Friday, July 04, 2008

Blind watchers, ch10

Count for references to blindness continues to increase.

But the accelerator is an important instrument for anyone interested in understanding the earliest moments of the universe, because in the fireball of energy produced in the collision of high-energy particles, it is possible to taste the primordial soup of the big-bang.

There is a moment, while reading this chapter, where I was laying down with my forehead resting on the book thinking that maybe, just maybe, this book will be a much better read for people who are not familiar with the sciences.

"English majors," I thought, except then I realized that English majors would probably have torn this book apart before we've even reached chapter three. Ah well, maybe art majors then. They might appreciate the drama that the author's trying to instill into cosmology.

There are some intentionally funny parts in this chapters though:

This era [a point in the history of the universe where the average temperature is equal to or higher than the melting point of brimstone] might have theological implications, but nothing of interest to cosmologists occurred at this time; the universe seemed to pass uneventfully through the temperatures of hell.

Boredom, I suppose, can be a special type of hell?

On a completely unrelated note: It's Pan-Gu (pronounced: pan-goo), not P'an Ku (have no idea where he got that spelling from), which is a folklore (think Native American). The Taoists and the Buddhists and all the other followers (China had a melange of different belief systems, most of which I don't understand or even remember) each had their own ideas. [Random FYI.]

There are many astronomical facts that cry out for a deeper and more consistent explanation.

The screaming! Make it stop! lol

Oh and in the page afterward, just as I was thinking how all this talk about primordial soup was making me think of edible kind of soup, I turned the page and saw the photo of the Campbell-styled can with "Fermilabs: Primordial Soup" written large upon it. I lol'ed. Lucy probably will appreciate this, too.

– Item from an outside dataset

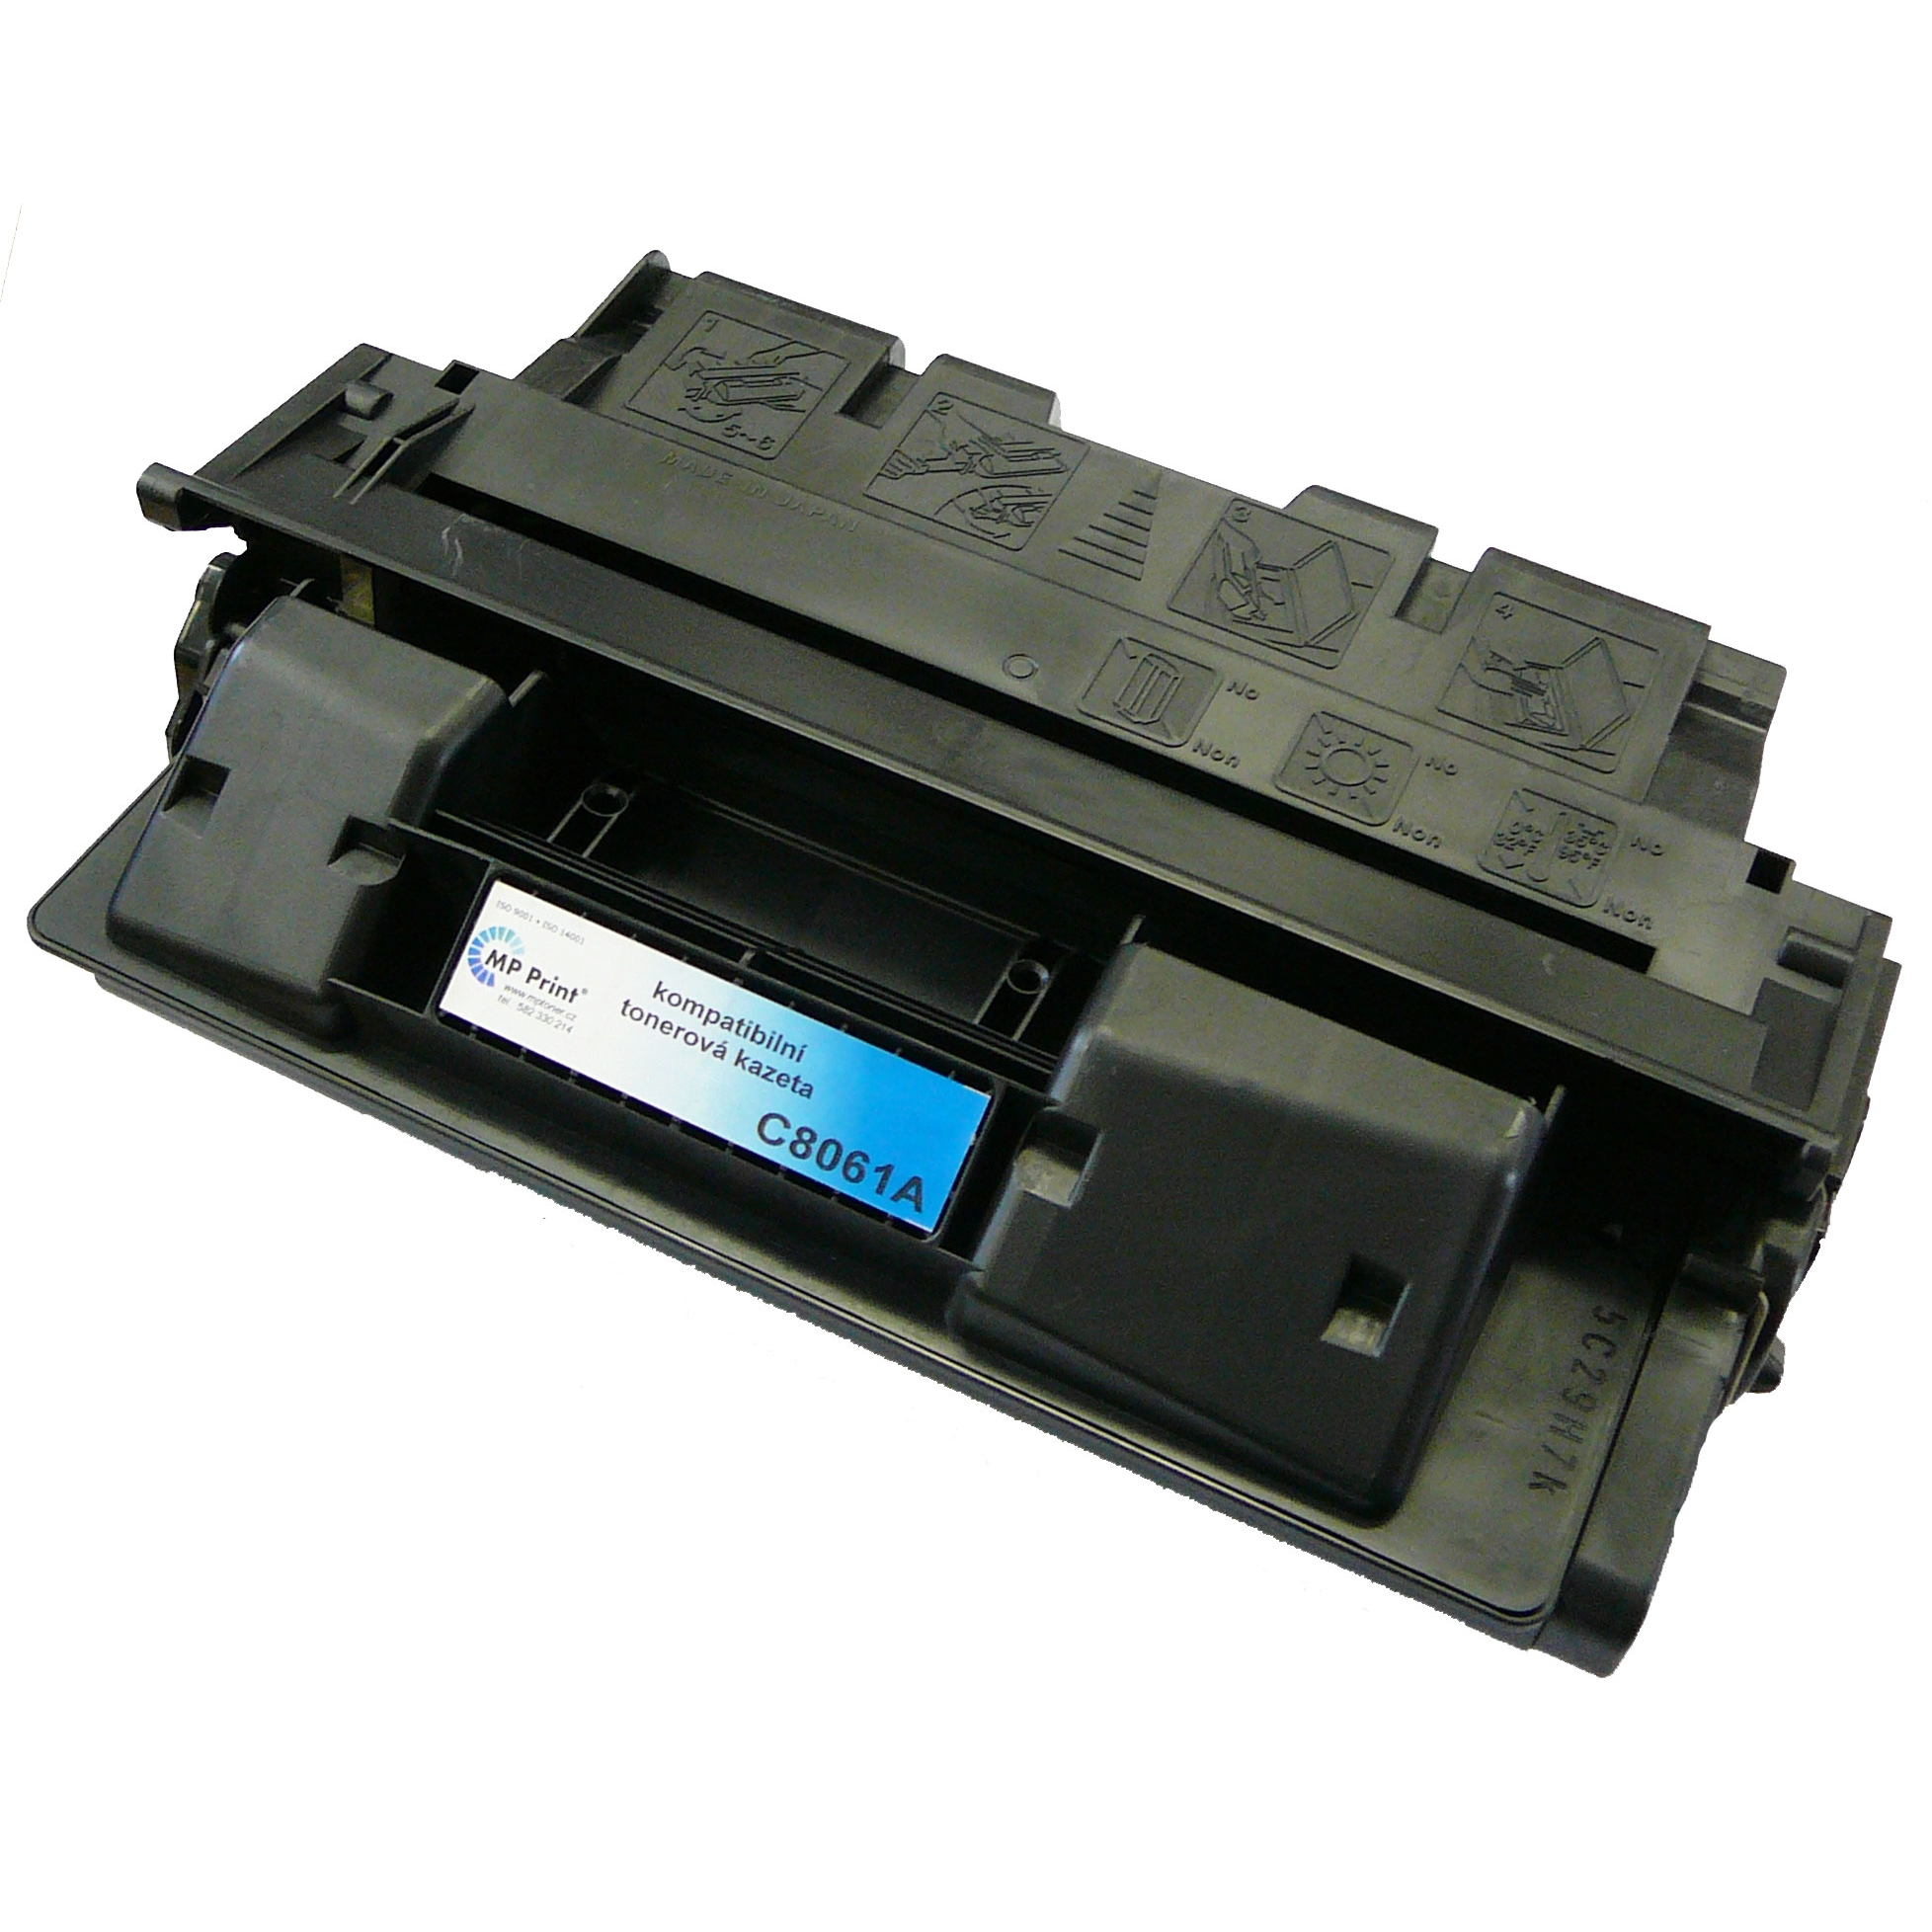 Kompatibilní toner HP C8061A, LaserJet 4100, black, MP print

And the part where he says "Because the equation is so beautiful, I can't resist writing it..." made me think of those cartoon scenarios with a deranged-looking scientist in coke-bottle glasses twitching over a sheet a paper with tears running down his face, muttering to himself, "It's so beautiful...it's so beautiful...."

That's from comics, mind you. I'm a little concerned about people like that in real life.

Aside from that, I have discovered that Kolb is right on the bandwagon with everyone else who is trying to find the grand theory that'd unify Life, the Universe and Everything (and good luck to him). The sudden increase in "blindness" at the end of the chapter made me go "gah".